4.5 Mutual Exclusivity with Remote Control
If "Remote Control" features (another Claude Code cloud feature) are active, they disconnect when an Ultraplan session starts — both share the same cloud interface slot.
5. Failure Modes (Real-World)
Based on aggregated community reports and technical analysis:
5.1 "Fading Rigor" Quality Regression
Model updates can cause the planning quality to regress without user notification. Plans that were previously deep and multi-section become shallow outlines. No changelog or quality metric is exposed.
5.2 Over-Scaffolding
Without strict task framing, Ultraplan tends to propose more structure than necessary:
- Adds abstraction layers that weren't requested
- Introduces new patterns that conflict with existing project conventions
- Generates boilerplate for use cases that won't be needed
This is worse than local plan mode because the cloud agent lacks the lived context of recent codebase churn that a developer has.
5.3 Over-Fixing / Cascade Errors
When debugging tasks are sent to Ultraplan, the critique agent's risk-scanning can surface issues adjacent to the actual problem and include them in the plan. The resulting plan fixes more than was asked, increasing the risk of introducing regressions.
5.4 Silent Error Masking
The synthesizer agent tends to "paper over" architectural errors it detects rather than flagging them explicitly. Plans may reference methods that don't quite exist, or propose file paths that are structurally incorrect for the project's organization. These surface only during execution.
5.5 Inefficiency on Small Tasks
Using Ultraplan for routine tasks (typo fixes, single-file config changes, documentation updates) is almost always counter-productive:
- 5-30 minute plan generation time vs. 30-second direct execution
- Consumes expensive Opus quota
- The critique step introduces latency for decisions that don't require deliberation
6. Best Use Cases
Ultraplan delivers meaningful value specifically for:
- Large cross-cutting refactors: Refactors touching 10+ files with complex dependency order requirements
- Migration planning: Major dependency upgrades, DSL migrations, schema migrations with multi-step ordering constraints
- Greenfield architecture for a bounded module: New crates or subsystems with clearly defined interface contracts
- Security-sensitive planning: Scenarios where a critique pass to catch architectural weaknesses is worth the time cost
- Asynchronous planning: When the developer wants to queue a planning task and return to other work while the plan generates
Worst Use Cases
- Anything requiring near-real-time local state (ongoing migrations, generated code, live schema changes)
- Hot debugging loops (add lag; the snapshot is stale before the plan arrives)
- Greenfield exploration of an unfamiliar domain (the agent lacks business context that only the dev has)
- Single-file or trivial changes (cost/latency ratio is catastrophically poor)

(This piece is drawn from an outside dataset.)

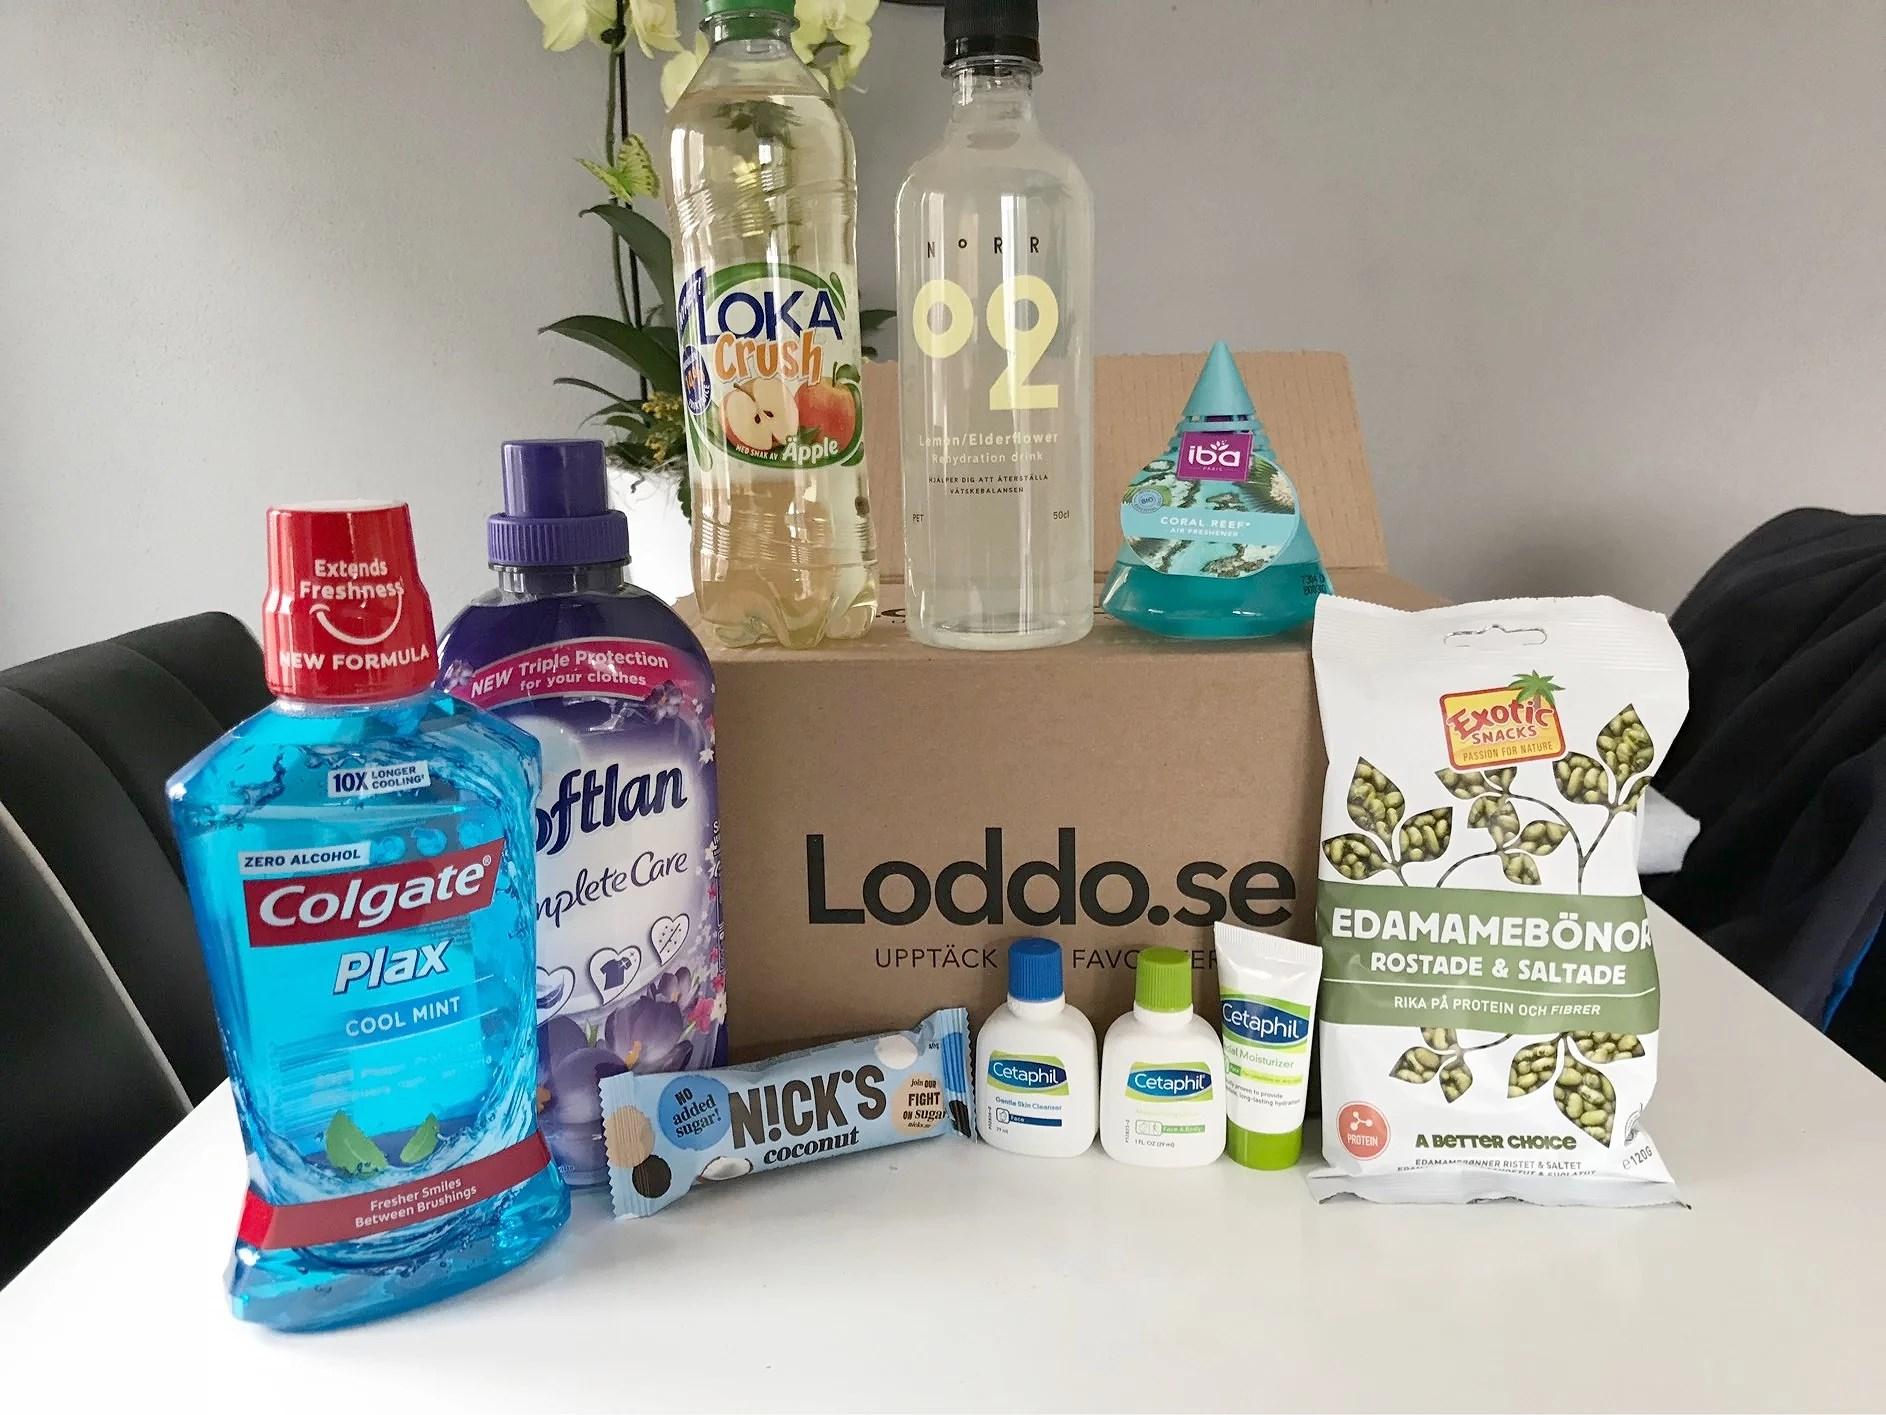 Loddo - Marsboxen

- Air-gapped, private, or non-GitHub environments (structurally incompatible)
7. What the Architecture Gets Right (Industry-Level Signals)
Beyond this specific product, several design signals from Ultraplan represent frontier thinking in agentic orchestration that are worth studying:
7.1 The "Orchestration Moat" Insight
The competitive value is not the model. The moat is the orchestration layer: cost-control, permission enforcement, context compression, multi-agent coordination, and memory architecture built around the model. Any competitor with the same base model but weaker orchestration will produce worse planning output.
"The real moat of the architecture is not the LLM itself, but the orchestration layer — the complex coordination of agents, memory management, permission enforcement, and cost-control systems built around the model."
7.2 Three-Role Agent Topology
The explore/synthesize/critique pattern (or equivalently: research/plan/review) is becoming industry standard for quality-critical planning. A single-agent linear planner is now considered inferior for complex tasks.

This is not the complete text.